There is one thing that is applicable to all aspects of the workplace that is valued more than stats, marketing, and tech. Trust. It is what will build bridges, seal deals, and communicate with care. Staff needs to trust your judgement; you need to trust your staff will deliver the goods. The transactional process that we engage in as customers is the “what are you going to do for me” attitude without ever doing anything in return. Trust in business is not just on a human level either, we look for the trustworthy clients to work with, and it is something we are not too keen to dish out to anyone, and other businesses are not so keen to dish out to you too! This could be losing you customers. How can you redress the balance?
We need to establish trust with our clients in a manner of ways. The cliché of honesty being the best policy is a cliché for a very good reason, it’s because it’s true. People speak of transparency in business being an admirable quality, and it’s something they strive for in their companies, and in themselves.

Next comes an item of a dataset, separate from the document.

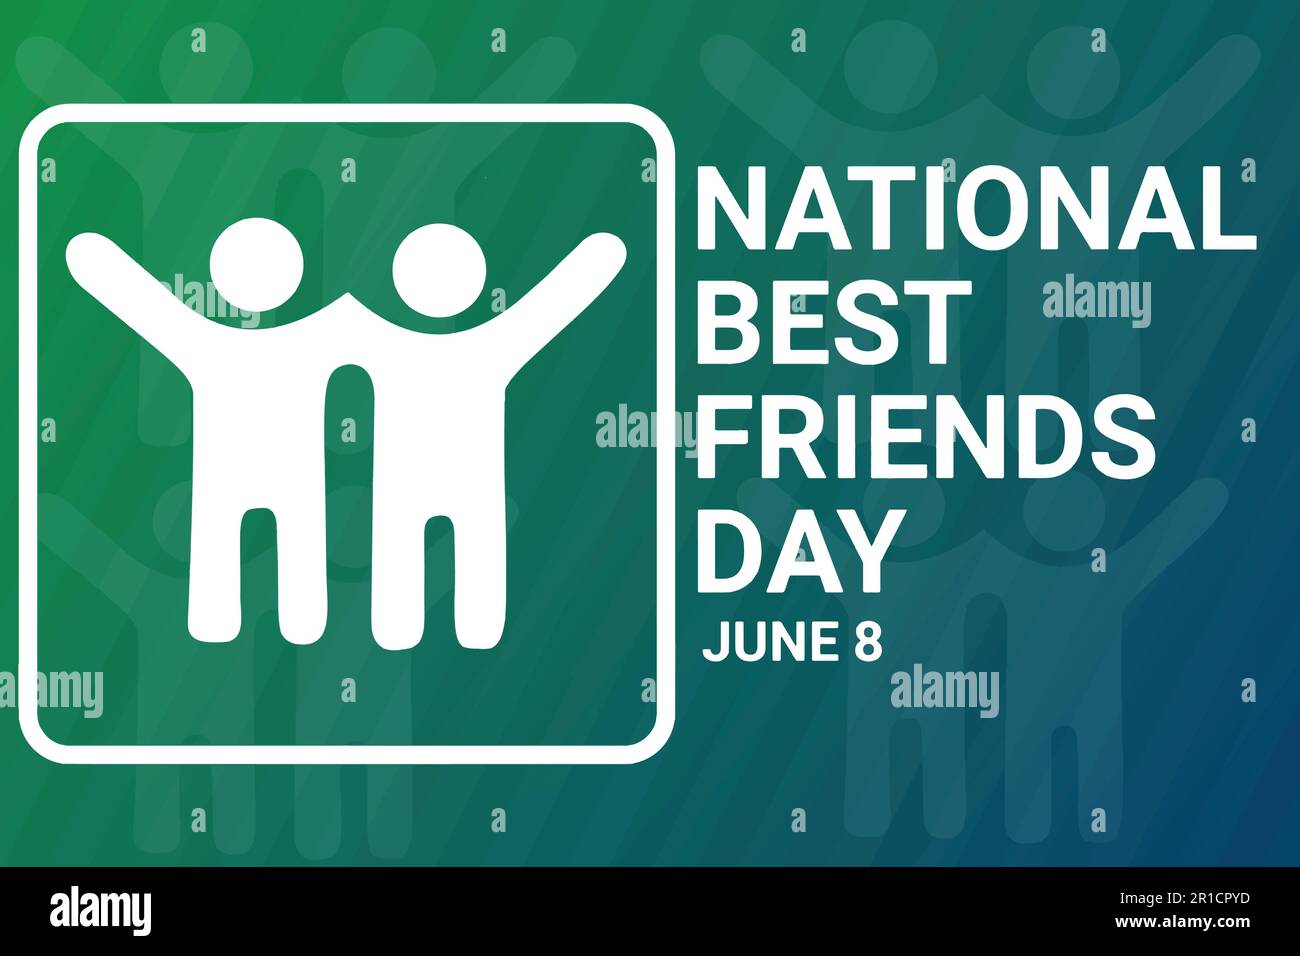 Typografie-Poster zum National Best Friends Day mit Silhouetten auf grünem Hintergrund. Juni 8. Vektordarstellung Stock Vektor

The very notion of being open and honest, in whatever scenario, from a big client meeting to talking around the water cooler, it makes for a very easier life than trying to “big up” your business when you don’t have the goods to back it up. The same goes for things like accreditation. Clients like accredited commercial builders are contractors that you are willing to put trust in to expand your business base, or to work on your new buildings to the standard you need them to do. Being accredited is just an official statement that these people are trustworthy, and by having a piece of paper saying that you are officially reliable may sound irrelevant to smaller businesses, but these are the tools you need to get your business to the next level.

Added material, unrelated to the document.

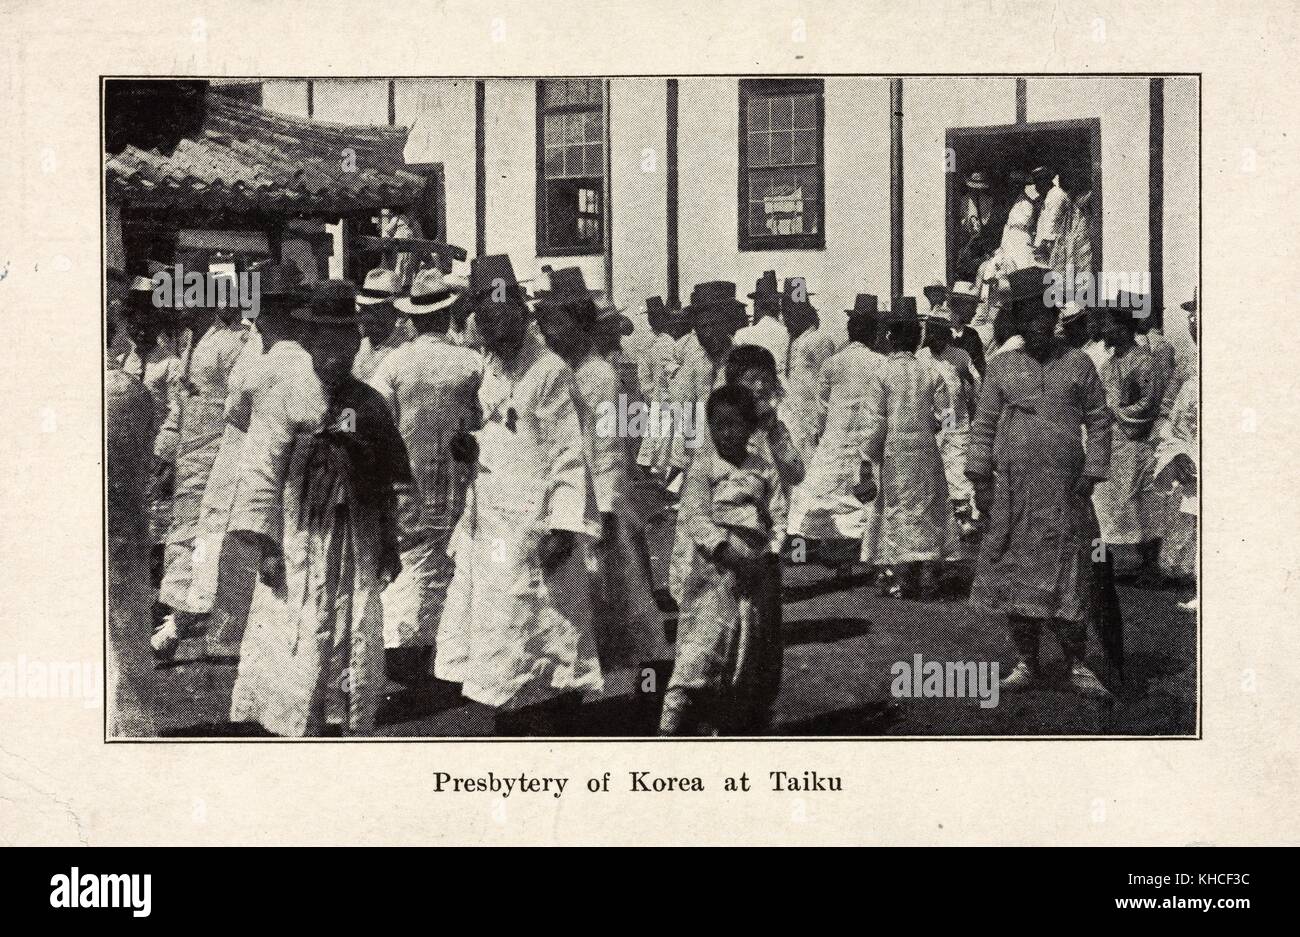 Eine Postkarte zeigt das Presbyterium von Korea in Daegu, das früher als Taiku bekannt war, eine Gruppe von Kirchenältesten, die sich in der römisch-katholischen Erzdiözese Daegu, Südkorea, 1914 versammelt. Aus der New York Public Library. Stockfoto

Trust as a leader is a skill that can take a lifetime to perfect, but you can get it correct now. Striking the right balance as a leader that gets work done and makes time for their staff is a difficult task, but it is one that will help to strengthen bonds between colleagues and yourself. There is a big separation between the boss and the workers in an organization, but it’s not an us versus them style situation. This again reinforces the transparency aspect. Taking on board other viewpoints and looking to your colleagues for support helps to develop trust as an important tool. Starting an open-door policy, welcoming feedback, or just making the effort to spend time with people you don’t normally are all approaches that are not just good for the staff, but it’s good for you. Start by opening up the floor to some honest debate about the state of affairs, and welcome constructive criticism about the business workings. Your colleagues want to make their working environment better, not worse. So implementing trust should be top of your priorities.